Let $X,Y>0$, $p>2$ and $q>p-1$. Then does the following inequality hold: $$ (|X|^{p-2}+|Y|^{p-2})(X^{1-q}+Y^{1-q})\leq C X^{p-1-q}+ D Y^{p-1-q}, $$ for some positive constants $C$ and $D$ may deped on $p,q$?
It seems Youngs's inequality may be useful. But I am unable to use it properly.
Can somebody please help?
Thanks.
Since $x,y>0$ we can drop the absolute value bars.
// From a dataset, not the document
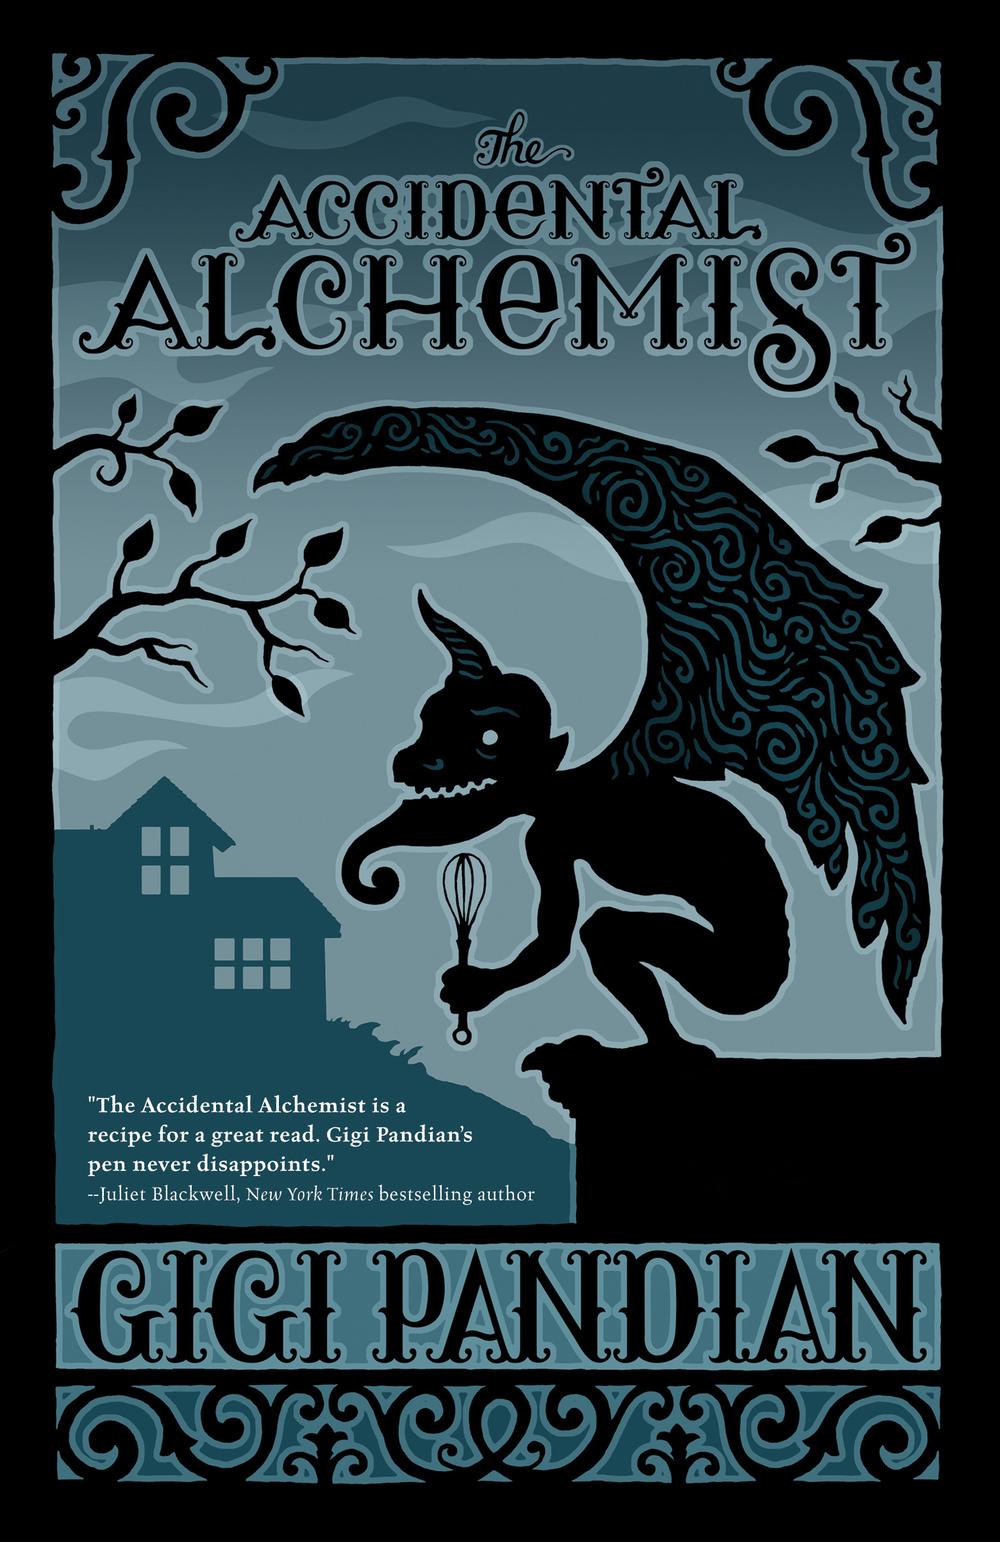 Accidental-Alchemist.jpg
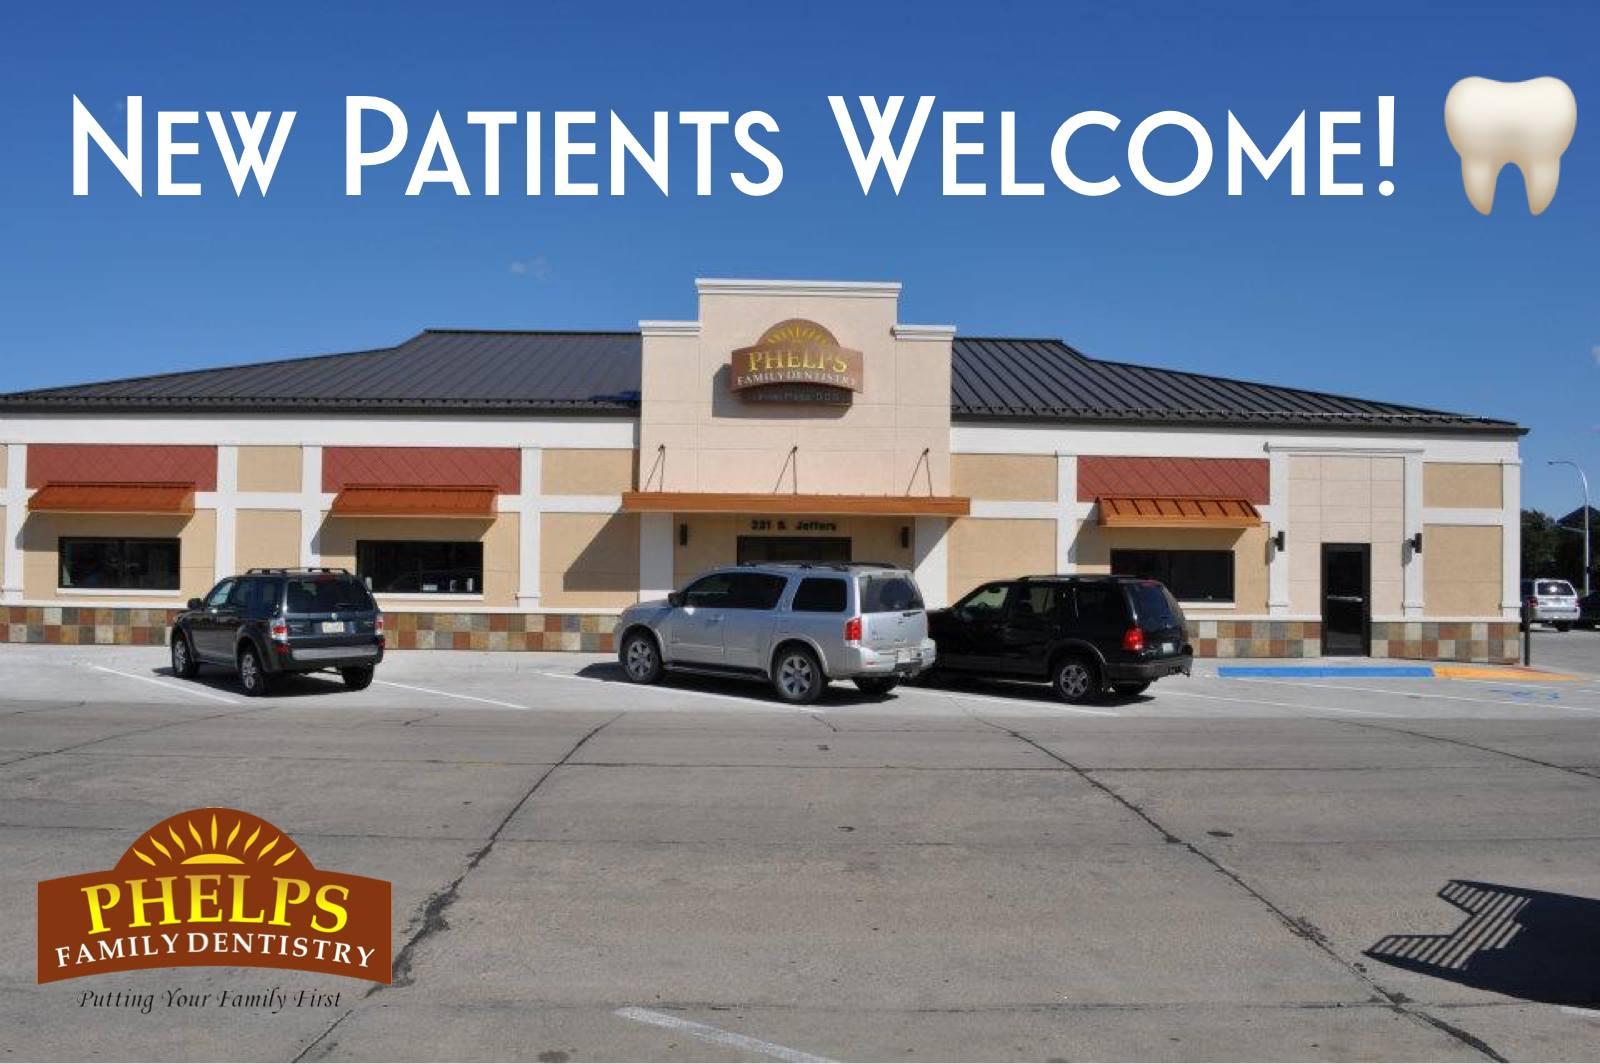 Nebraska's Top Rated Local® Dentists Award Winner: Phelps Family Dentistry

For $p:=q:=3$ the left side yields \begin{align*} (x+y)(x^{-2}+y^{-2})=x^{-1}+xy^{-2}+x^{-2}y+y^{-1} \end{align*} whereas the right side turns out to be \begin{align*} Cx^{-1}+Dy^{-1}. \end{align*}
For a fixed $y\in\mathbb{R}$ we have that $xy^{-2}$ will be greater than $Cx^{-1}+Dy^{-1}$ for each $C,D>0$ for all $x\geq M$ (where $M$ depends on your choice of $y,C,D$), since $x$ is growing faster that $x^{-1}$ as $x\rightarrow\infty$.
On the other hand for a fixed $y$ we have that $x^{-2}y$ will be greater than $Cx^{-1}+Dy^{-1}$ for each $C,D>0$ for all $0<x\leq m$ for the same reason.
Hence this inequality does not hold on the whole quarter space.